Broadband as part of the bigger infrastructure picture
Broadband rarely gets discussed in the wider context of national infrastructure.
Yet the government-sponsored Ultrafast Broadband project and the Rural Broadband Initiative are just two of a series of major infrastructure projects transforming New Zealand cities.
To engineers there are two types of infrastructure. Vertical infrastructure means buildings while horizontal infrastructure means roads, railways, cycle tracks, water systems and communications networks.
Infrastructure makes cities liveable
Both kinds of infrastructure make places liveable. They underpin economic development.
Bridgman talked about Auckland, but his comments apply just as much to other New Zealand cities.
Auckland ranks ten
He says the Economist Intelligence Unit ranks Auckland as number ten when it comes to the world’s most liveable cities.
The survey leaves out Wellington and Christchurch because it only applies to the world’s 140 largest cities. Even so, the ideas are relevant across the country.
On one level, the EIU liveable city index is just a set of numbers, an accounting exercise. We shouldn’t take it too seriously or read too much into the numbers.
That doesn’t mean it isn’t useful or important.
Liveable means investment
Cities that rank high in the EIU index attract high quality investment. They are magnets to the brightest and most dynamic immigrants. They are places people want to visit and where they are keen to do business.
Getting on the top ten list is an achievement. Staying there is helpful. Bridgman wants us to move up the list.
Building fast broadband networks throughout New Zealand will move us closer to that goal.
To rank cities the EIU looks at 30 measures in categories such as culture and healthcare. Infrastructure is one category.
Not perfect, not far off
Each category is marked out of 100. A perfect city would be 100. The scores are crunched to get a single number. Auckland’s score is 95.7. Melbourne is in top place on 97.5.
A 92.9 score for infrastructure drags down Auckland’s total. If we can nudge that figure up Auckland would move from the top 10 to the top five.
In turn that would mean more high quality investment, immigrants and business opportunities.
Infrastructure is an interesting category when it comes to determining whether a city is liveable because the people already living in a city can do something about it.
Improving liveability
It’s near impossible to improve a city’s culture in the short-term.
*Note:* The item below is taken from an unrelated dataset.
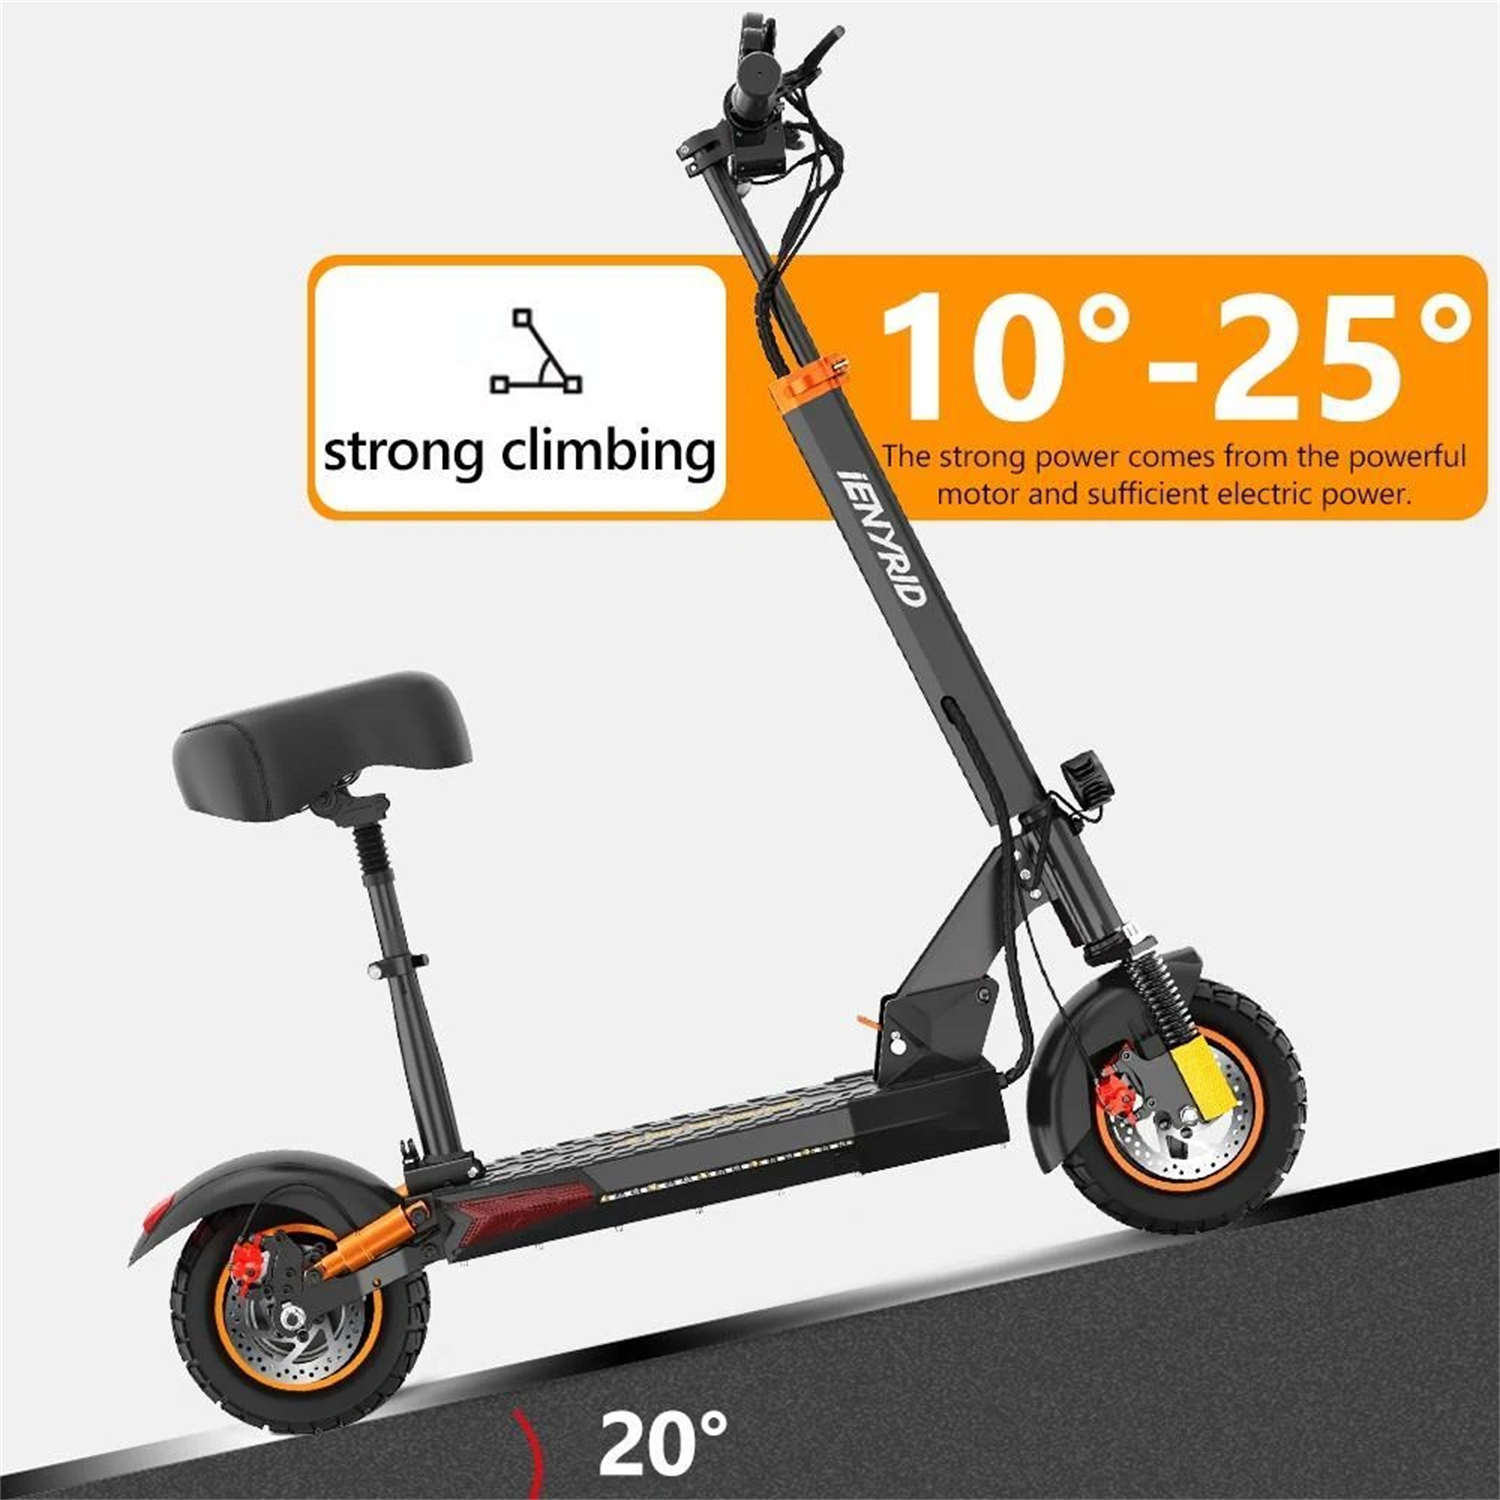 iENYRID M4 Pro S+ Off Road Electric Scooter 10 Inch Tires 800W Motor 48V 10Ah Battery for 15.5-22 miles Mileage 330 lbs Load with Seat
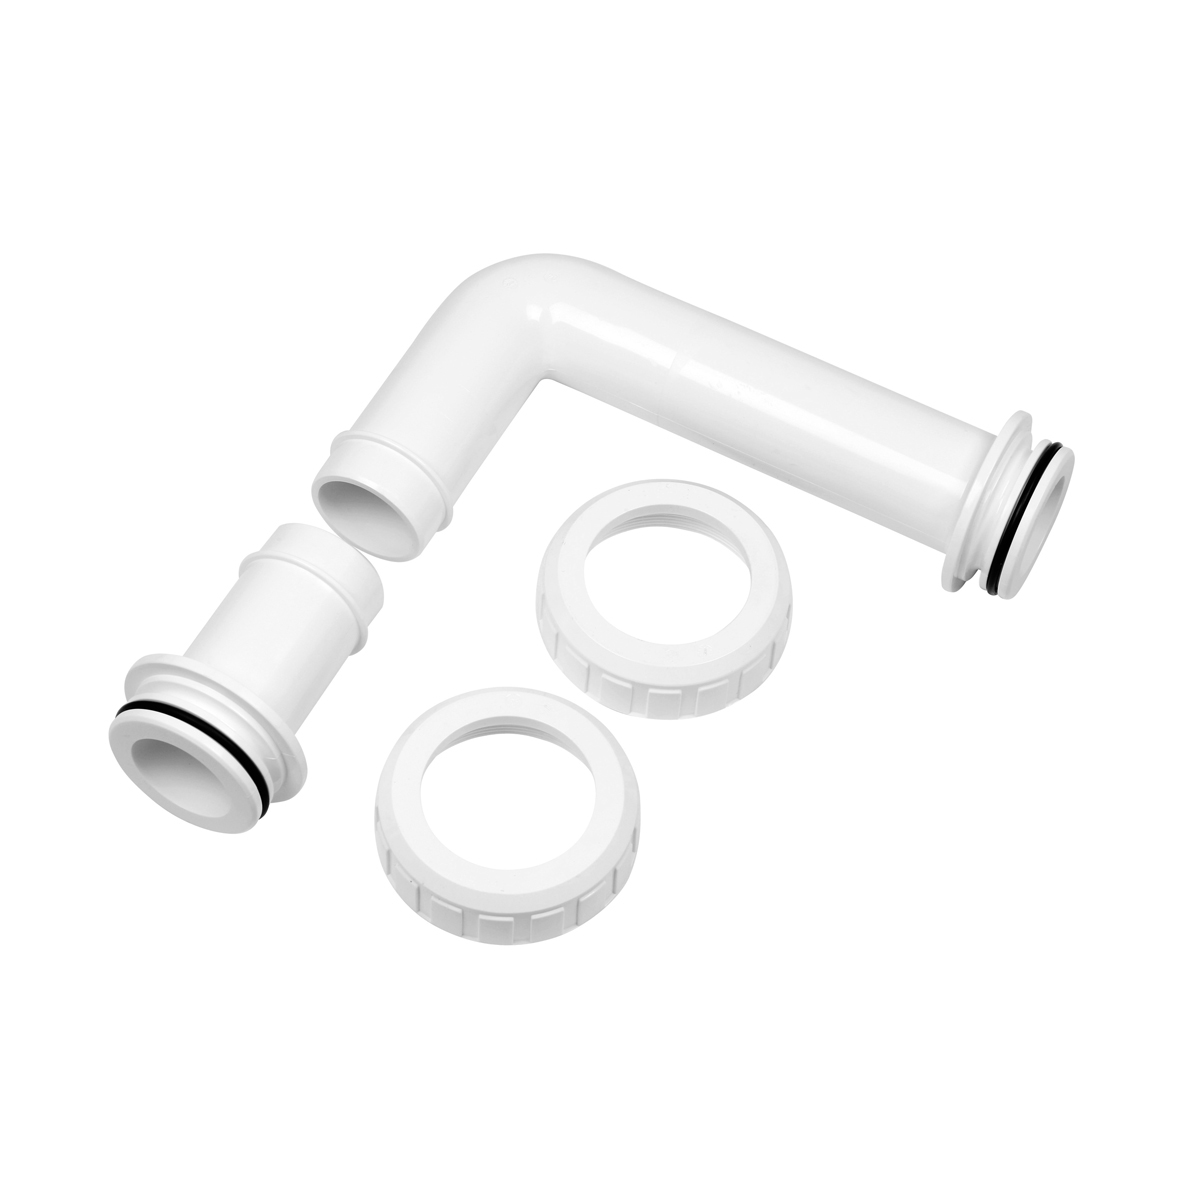 Pipe-system for back wash valve with union-nut 1 1/2" PVC white d50 Pipe-system for back wash valve with union-nut 1 1/2" PVC white d50

No-one can do much about the geographic setting once a city is founded. All the top cities are stable, safe and offer first class education, so there’s little room to move on those areas.
When assessing infrastructure the EIU looks at the quality of their road, public transport and telecommunications networks along with the international links. It also looks at the availability of good quality housing, energy and water.
Anyone familiar with Auckland knows our recent-year report for all those sub-categories is could-do-better.
The good news is that each area is being addressed. The Western Ring Road is not far from completion. Planning is under way for boosting the road network east of the city. There’s been a major water system upgrade.
Work to be done
There’s still work to be done building more good quality houses. Auckland’s electricity grid has been an embarrassment in the past, but things are changing. The next few years should see work begin expanding the rail network through the city. Other public transport projects are underway. They city is getting bike lanes.
And then there’s the broadband upgrade. At first sight it seems almost an afterthought.
Running fibre to every home and business in Auckland might add a few tenths of a point to the liveable city index score.
Where Australia lags
That might not seem much. Yet there are four Australian cities — Melbourne, Sydney, Perth and Adelaide — ahead of Auckland in the EIU list. None of them will have full fibre to the premises networks soon.
Auckland will have its FTTP in place by the end of 2019.
Only 1.8 points separate Auckland from top ranked Melbourne. Auckland is only 0.2 behind Perth and 0.4 behind Sydney.
UFB
Finishing the UFB could push Auckland up two or three spots on the liveable city index. That alone gets us closer to the prize money. It’s an option Australia has rejected.
If those EIU numbers seem a little too dull and abstract to make sense, think of athletics. For an Olympic runner trimming two-tenths of a second can be the difference between a gold and a bronze medal.
As already mentioned, it’s important not to get too wrapped up in the details of one Liveable City Index. At best its criteria are debatable and there are other indexes that rank Auckland better or worse than the EIU.
Yet we can read the EIU index as a list of the work in front of New Zealand as we build a 21st century economy.
When the rest of the world catches up and builds fibre-to-the-premises networks, fast broadband will be a hygiene factor just like every other form of infrastructure. That is, something citizens expect and take for granted, something that will make them unhappy if it isn’t provided.
By then we’ll have something else to build to keep us out in front.